### Stored data

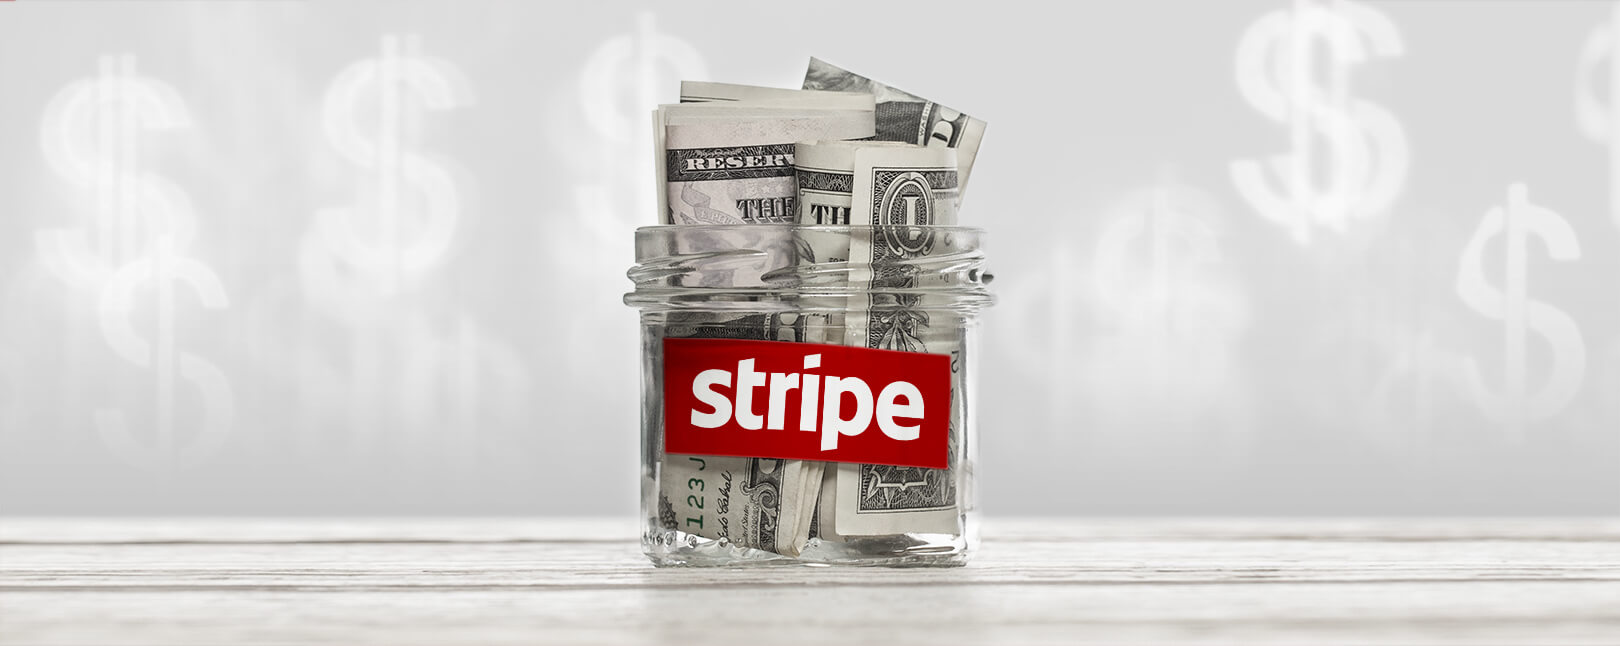 Stripe chargeback fee
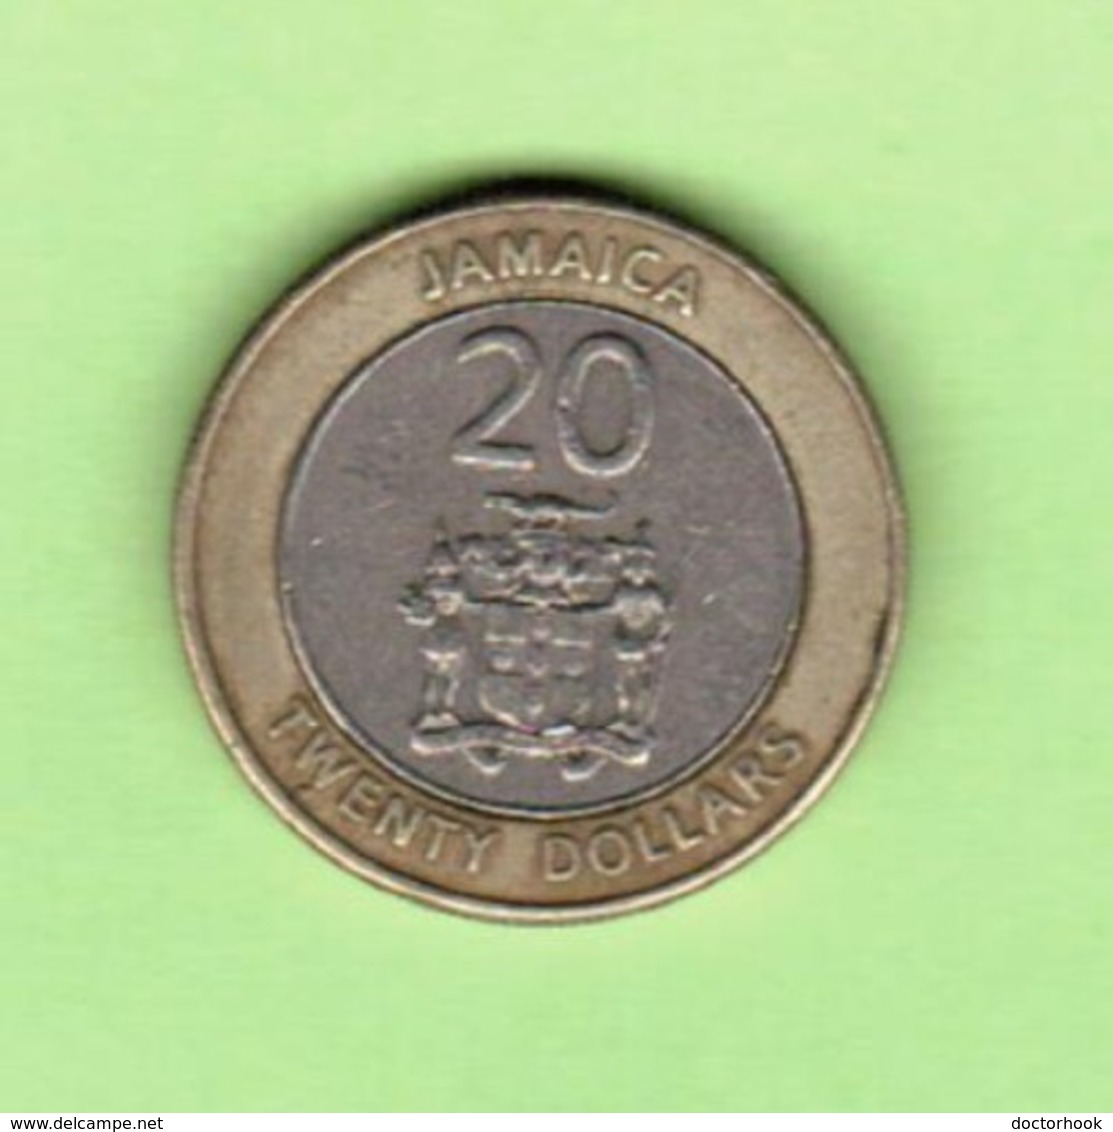 JAMAICA   $20.00 DOLLARS 2000  (KM # 182) #5204 - Jamaique
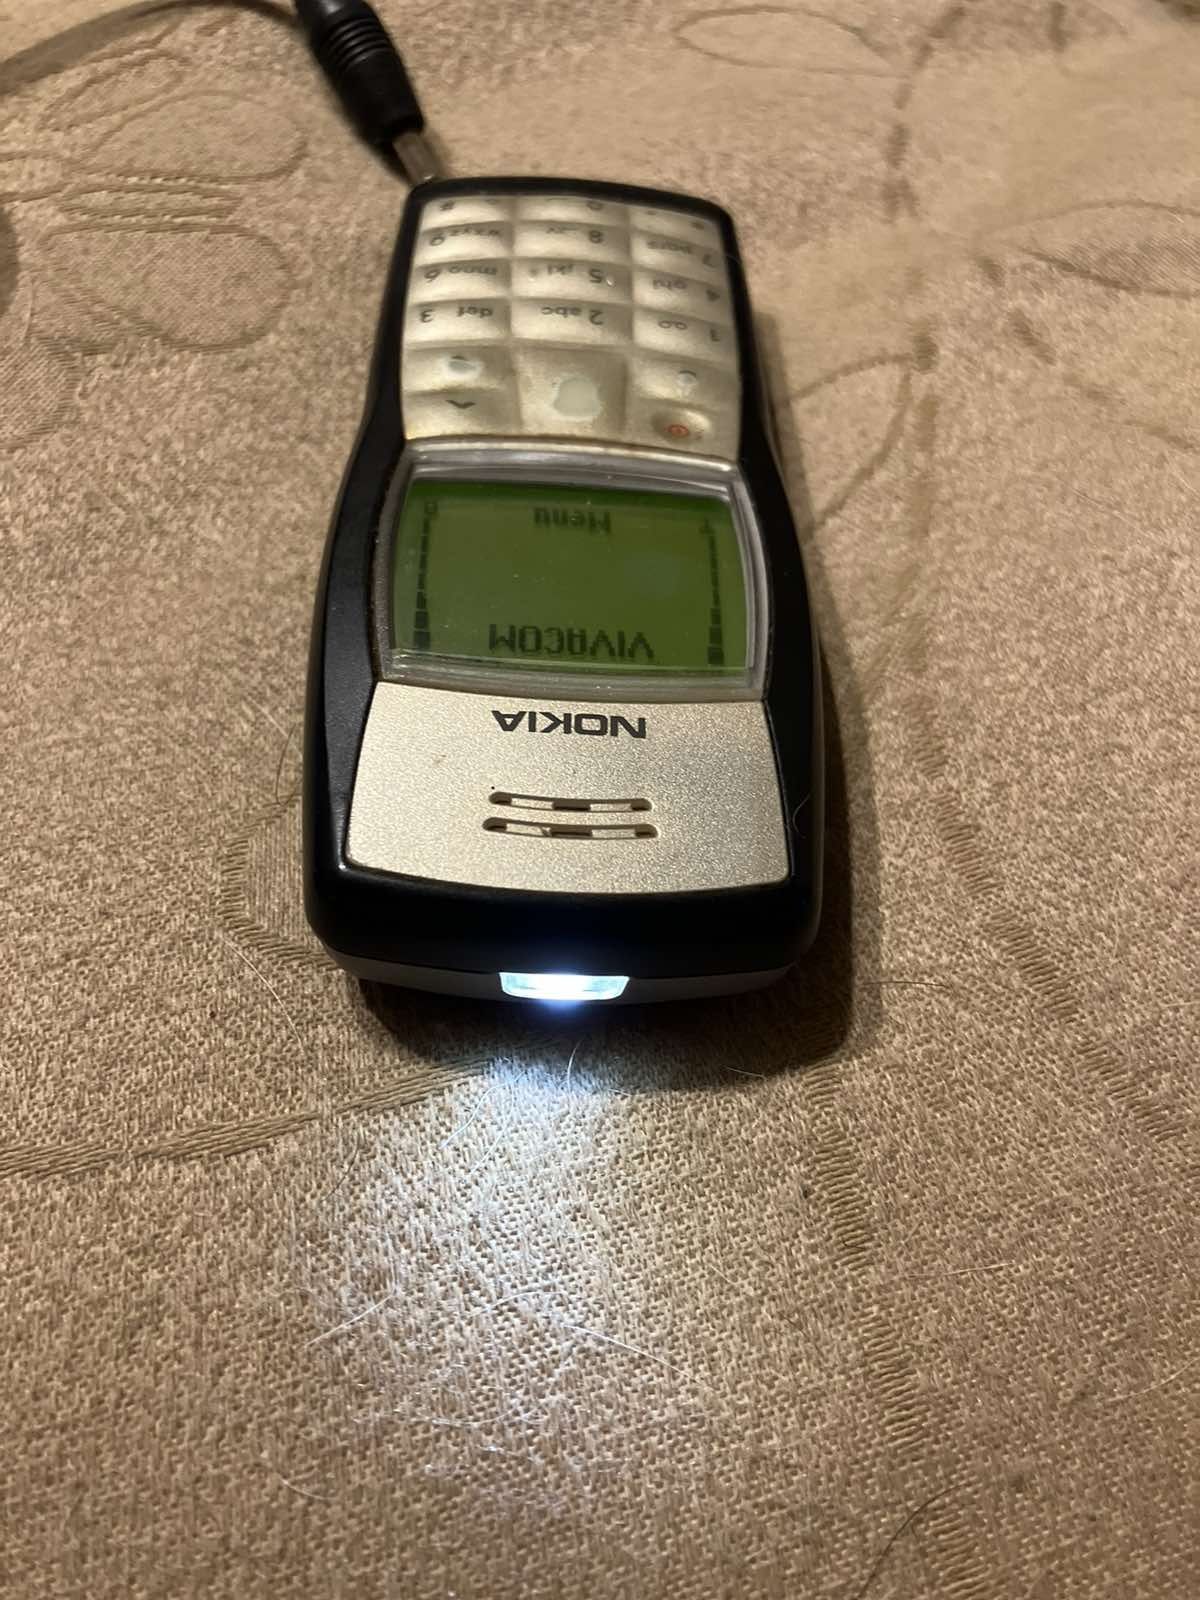 Телефон Nokia 1100 Germany

### Problem to solve
Transcribe everything above exactly. Do not include the pictures.

### Task output
 Stripe chargeback fee
 JAMAICA   $20.00 DOLLARS 2000  (KM # 182) #5204 - Jamaique
 Телефон Nokia 1100 Germany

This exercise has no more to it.